**AIM OF THE TASK**
Retype each line below precisely and omit all images.

**GIVEN MATERIAL**
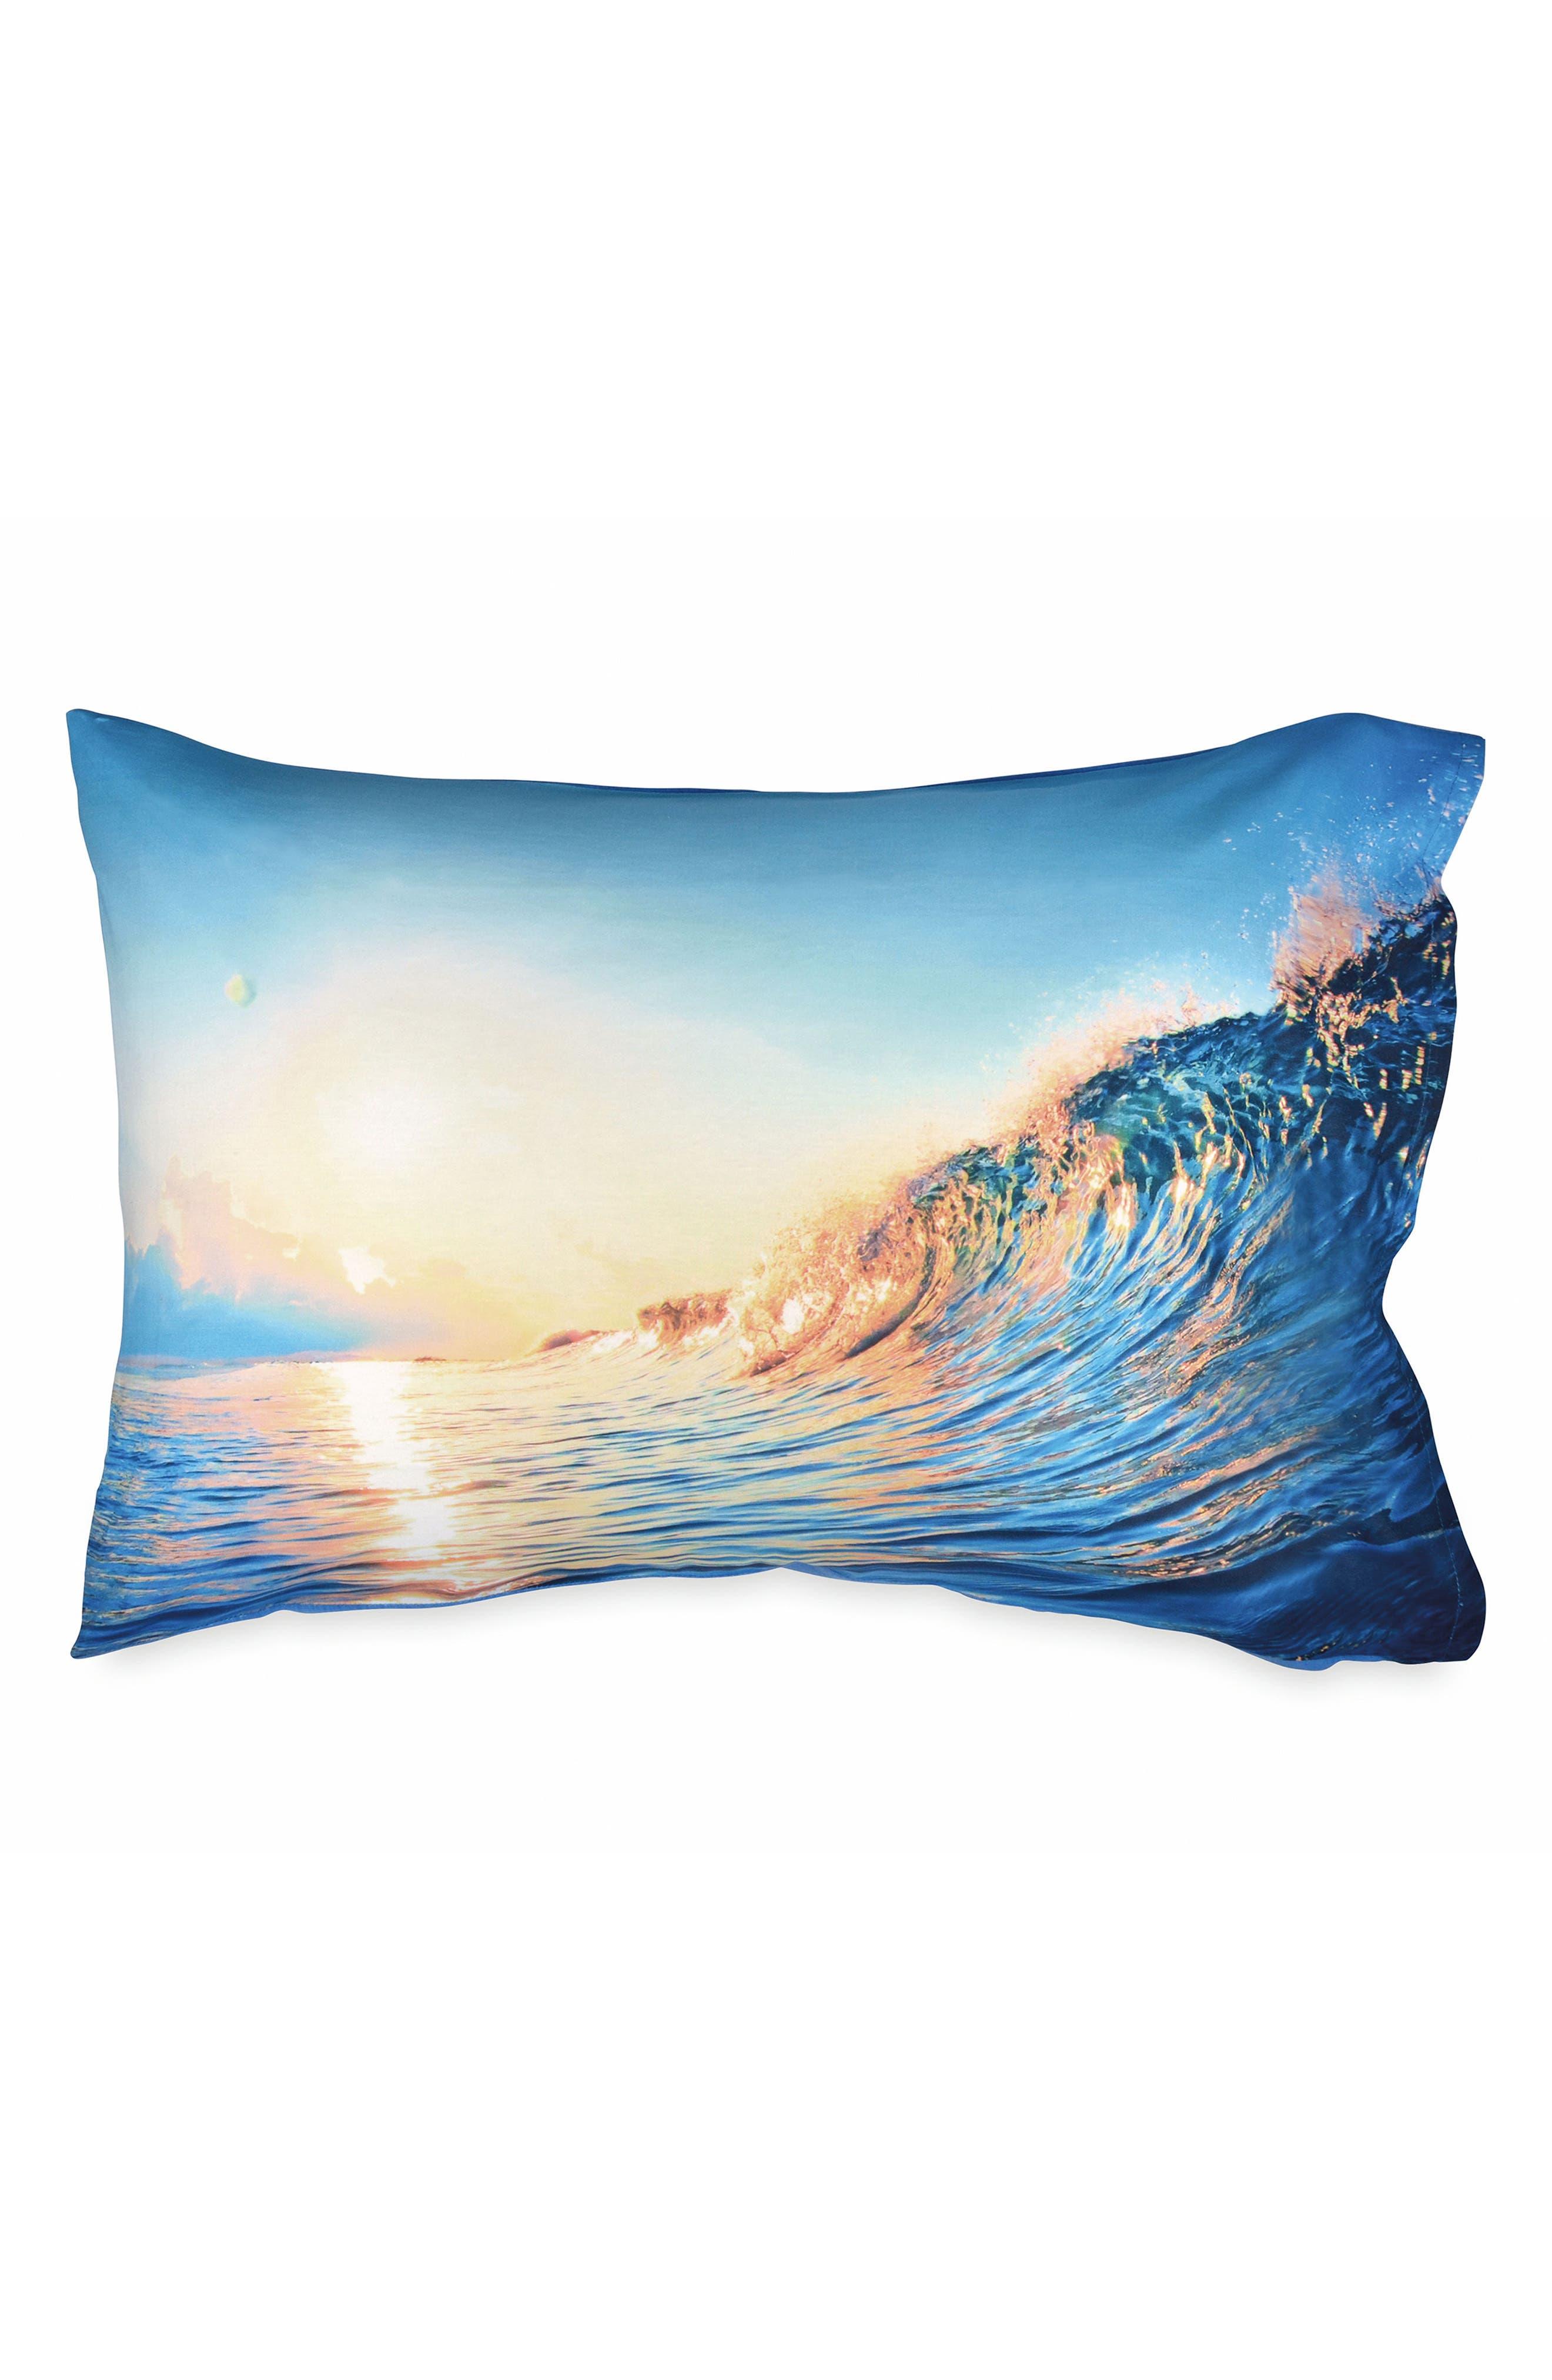 Wave Pillowcase,                             Main thumbnail 1, color,                             Aqua
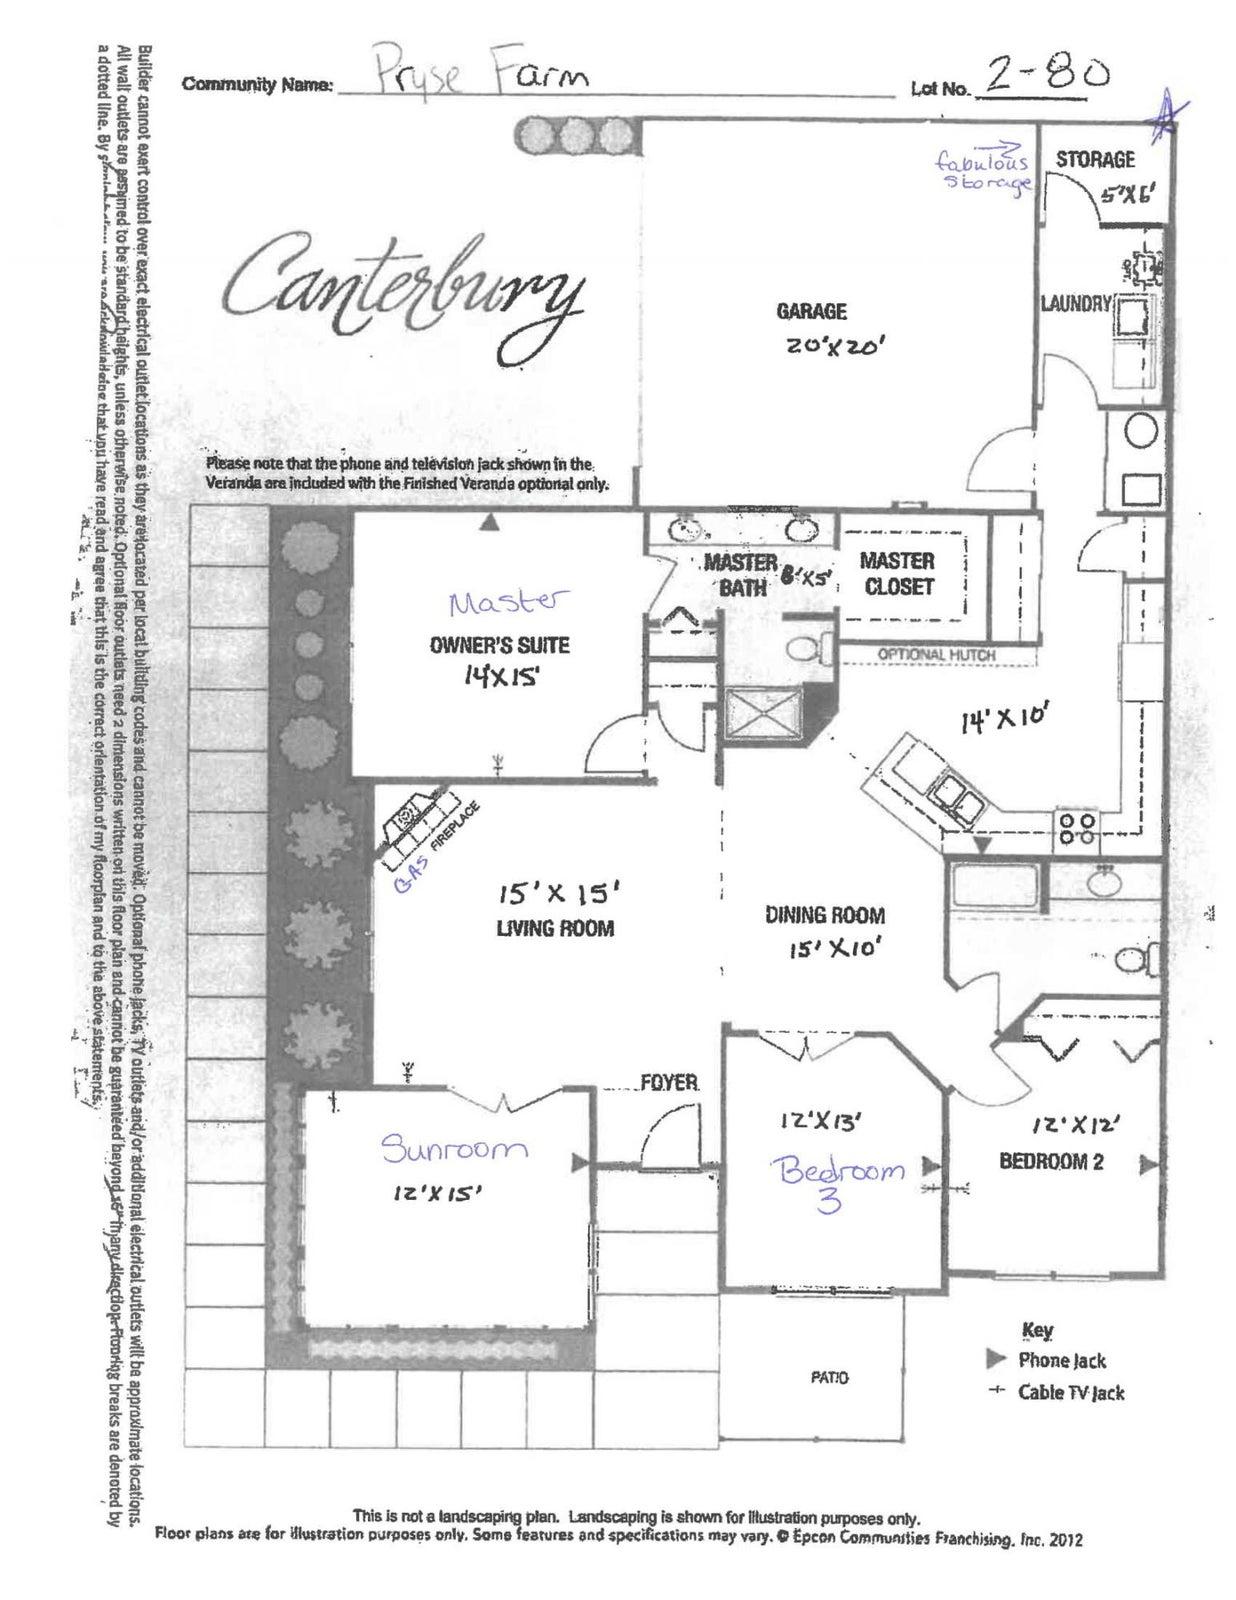 809 Pryse Farm floor plan (1)-1
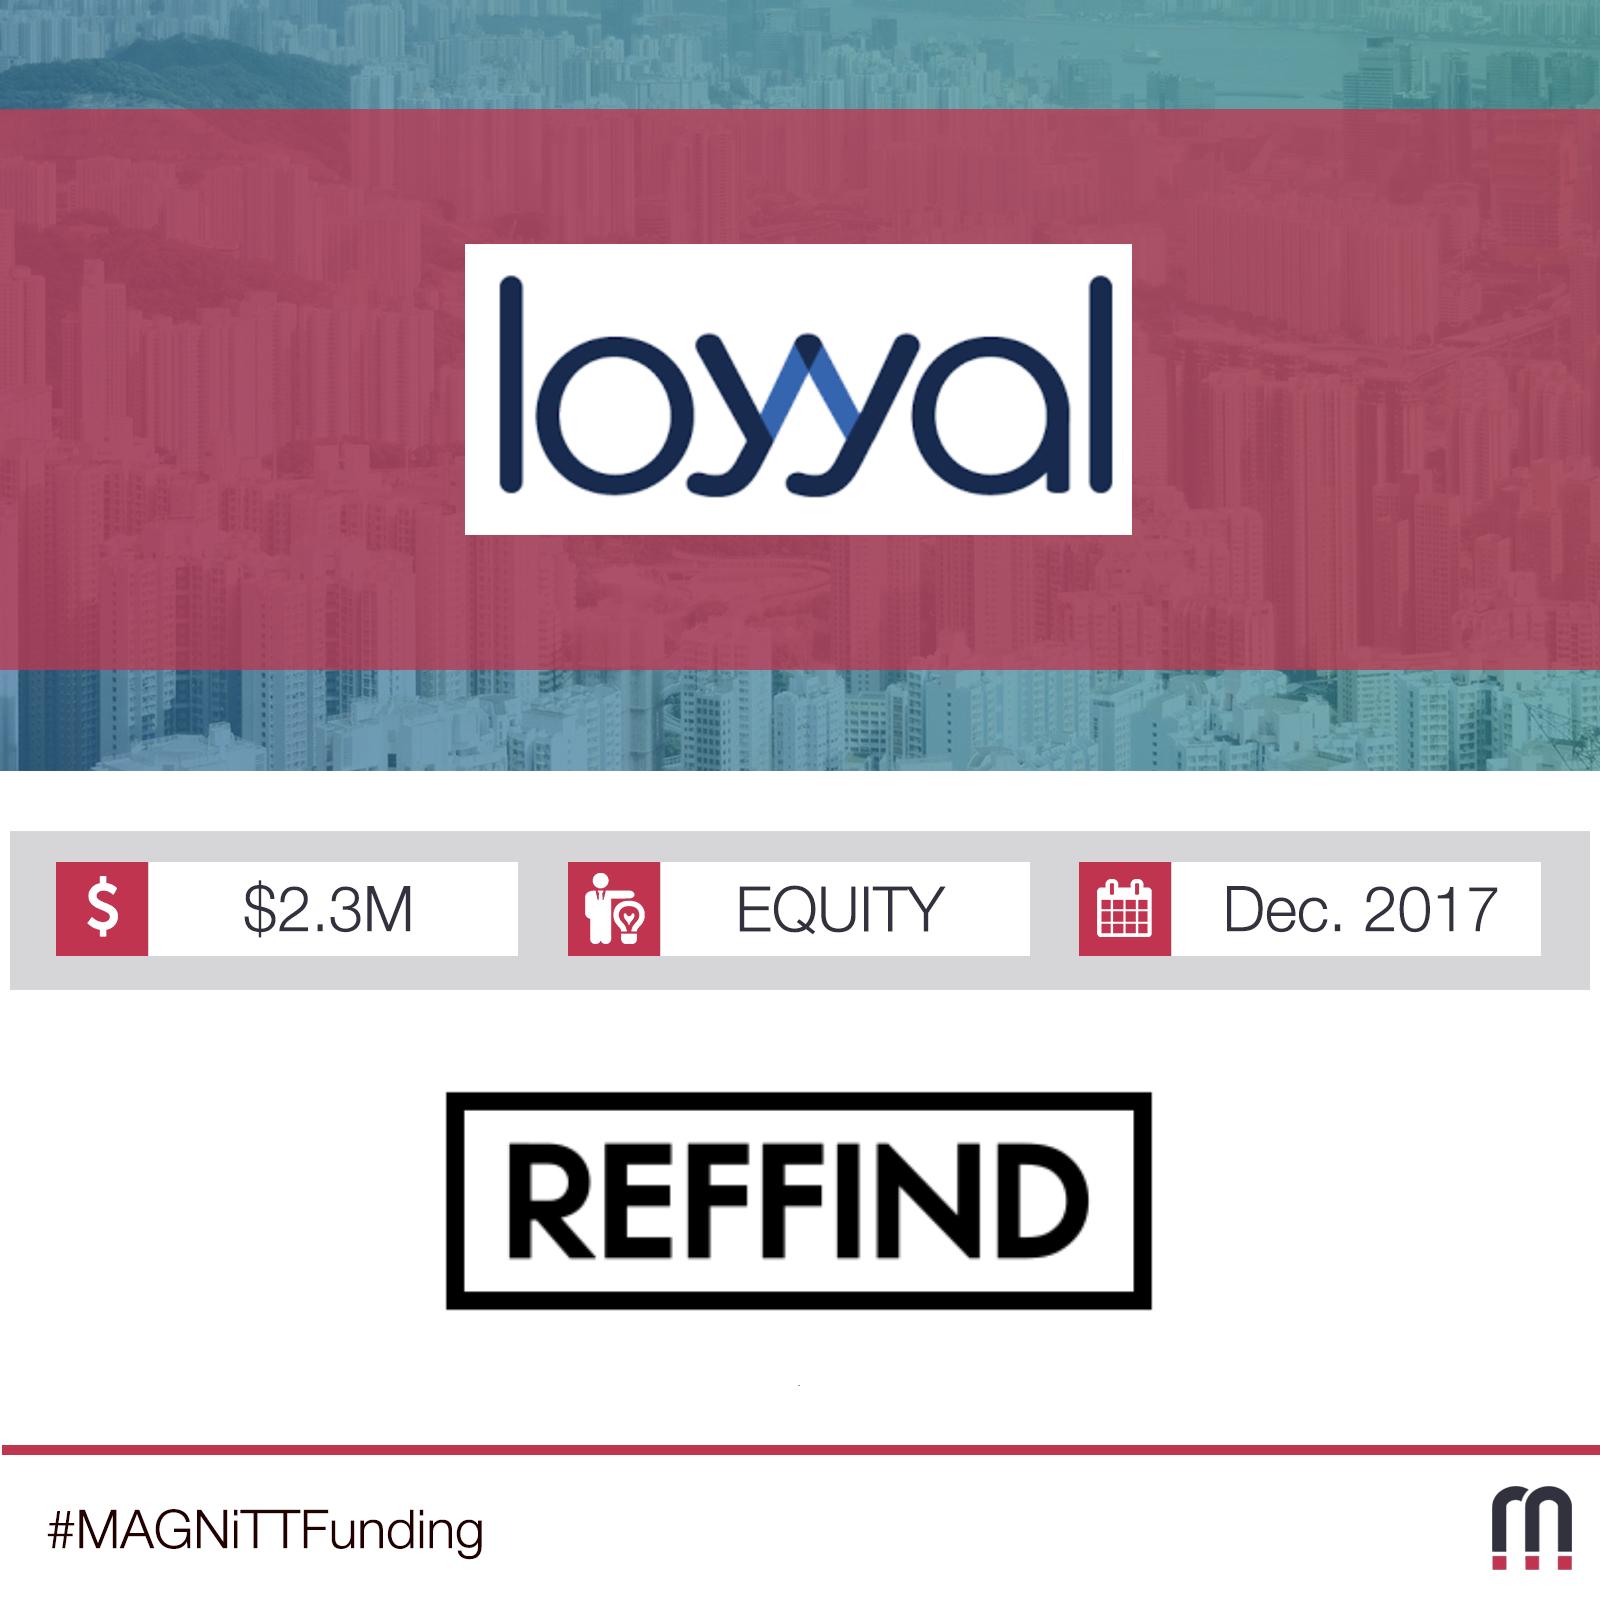 Australia's REFFIND just bought into US blockchain leader Loyyal Corporation

**SOLUTION BELOW**
 Wave Pillowcase,                             Main thumbnail 1, color,                             Aqua
 809 Pryse Farm floor plan (1)-1
 Australia's REFFIND just bought into US blockchain leader Loyyal Corporation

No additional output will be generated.